Summer Beaver does not have a weather reporting station; however, pilots operating in the area around the time of the accident reported strong southwesterly winds, moderate mechanical turbulence with no windshear, and visibility greater than 10 nm. There was a light rain shower observed at the aerodrome about 20 minutes after the time of the accident, but no rain at the time of the accident.

==Crash==
The aircraft took off from Summer Beaver Airport at 7:30 p.m. and was expected to arrive an hour later. The flight proceeded on a direct routing to destination at 3,500 feet above sea level under night visual flight conditions. While on approach, the aircraft joined the circuit on a downwind leg for a landing on Runway 17. It crashed at 8:30 p.m. When the aircraft did not land, personnel at Summer Beaver Airport contacted the Pickle Lake flight dispatch to inquire about the flight. The aircraft was declared missing at approximately 11:30 p.m. following an unsuccessful radio search by the Pickle Lake flight dispatch staff. Search and rescue personnel found the wreckage at 2:10 a.m. in a wooded area three nautical miles northwest of the airport. The crash site was accessible only by helicopter. Aerodrome fire fighting services would have been unable to reach the site. The aircraft was nearly consumed by a post-crash fire. All eight people on board were killed. The crash occurred on the same day that a privately owned Cessna aircraft en route to Thunder Bay crashed in Winnipeg, killing both occupants.

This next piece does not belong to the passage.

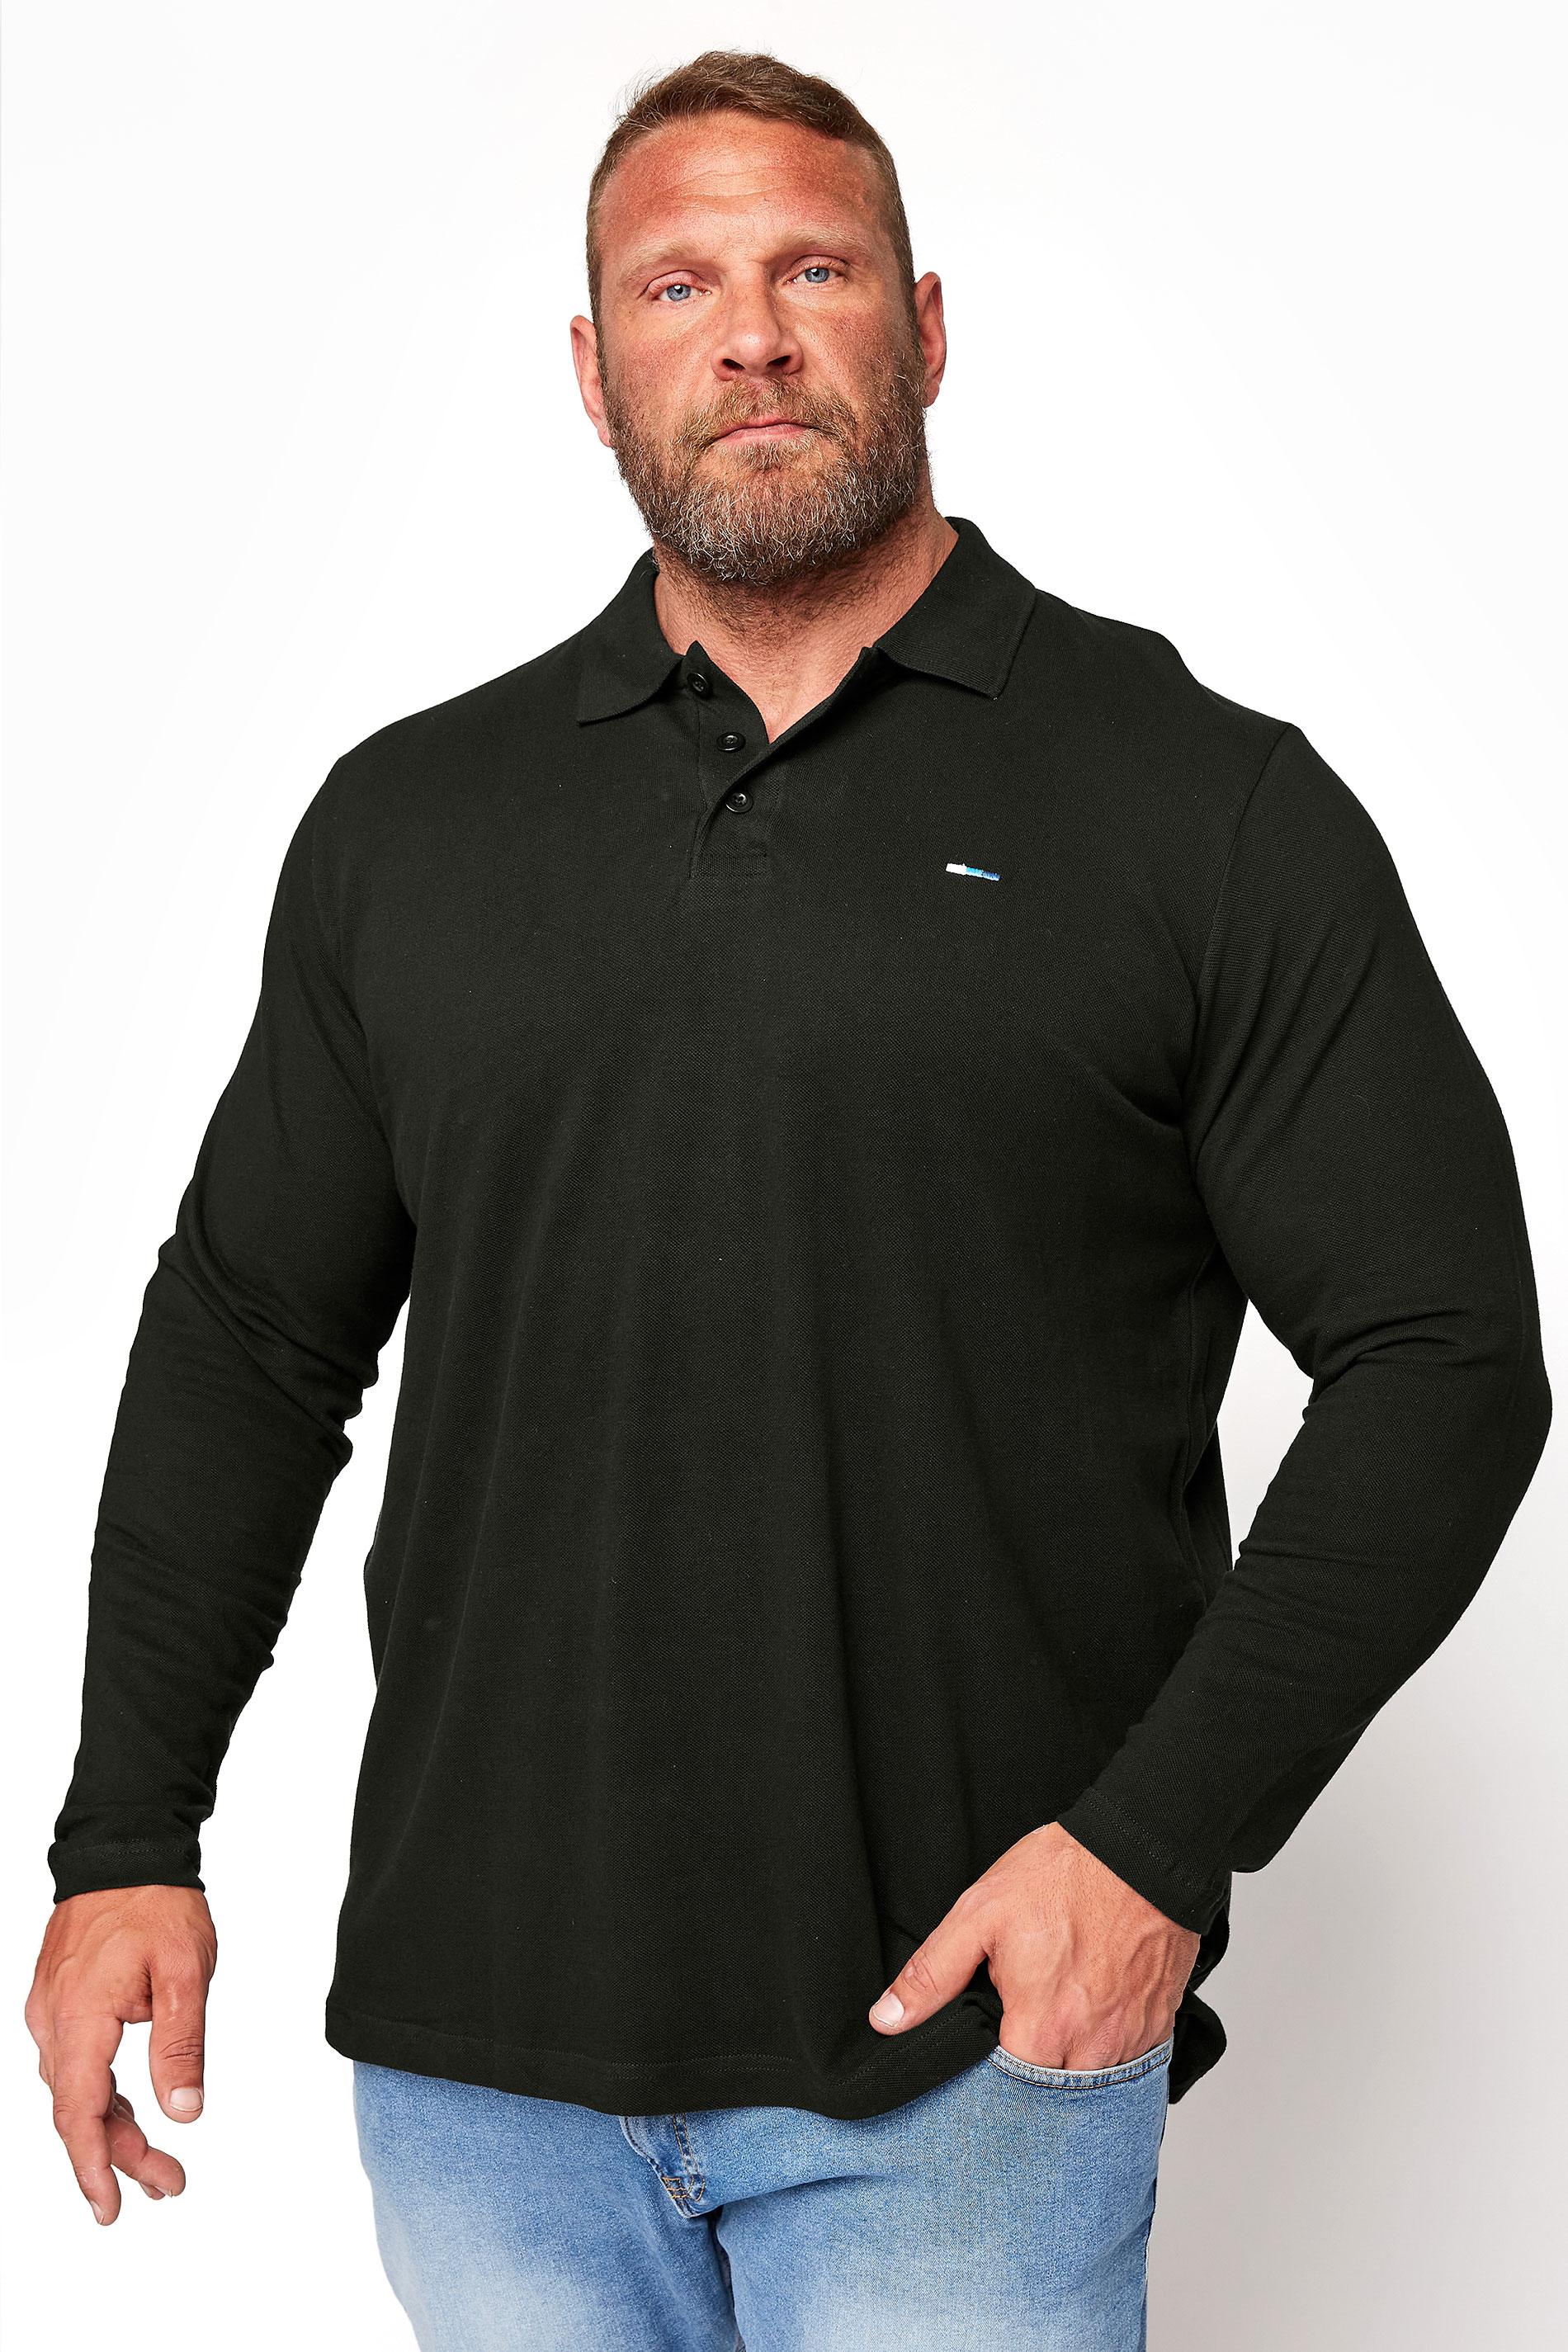 BadRhino Black Essential Long Sleeve Polo Shirt_M.jpg

==Aftermath and reactions==
A funeral for the passengers was held on September 19. Assembly of First Nations National Chief Phil Fontaine expressed his deepest regrets and condolences to the victims and their families. Transport minister David Collenette expressed condolences to the victims. A memorial service is held annually in the community. A group of community members walk 14.5 kilometers on a road to the crash site to raise funds for travel costs and maintenance of the road.

==Investigation==
The cause of the accident was controlled flight into terrain with the circumstances being unknown. The aircraft did not carry flight recorders. Weather was doubted as the cause, but was not ruled out.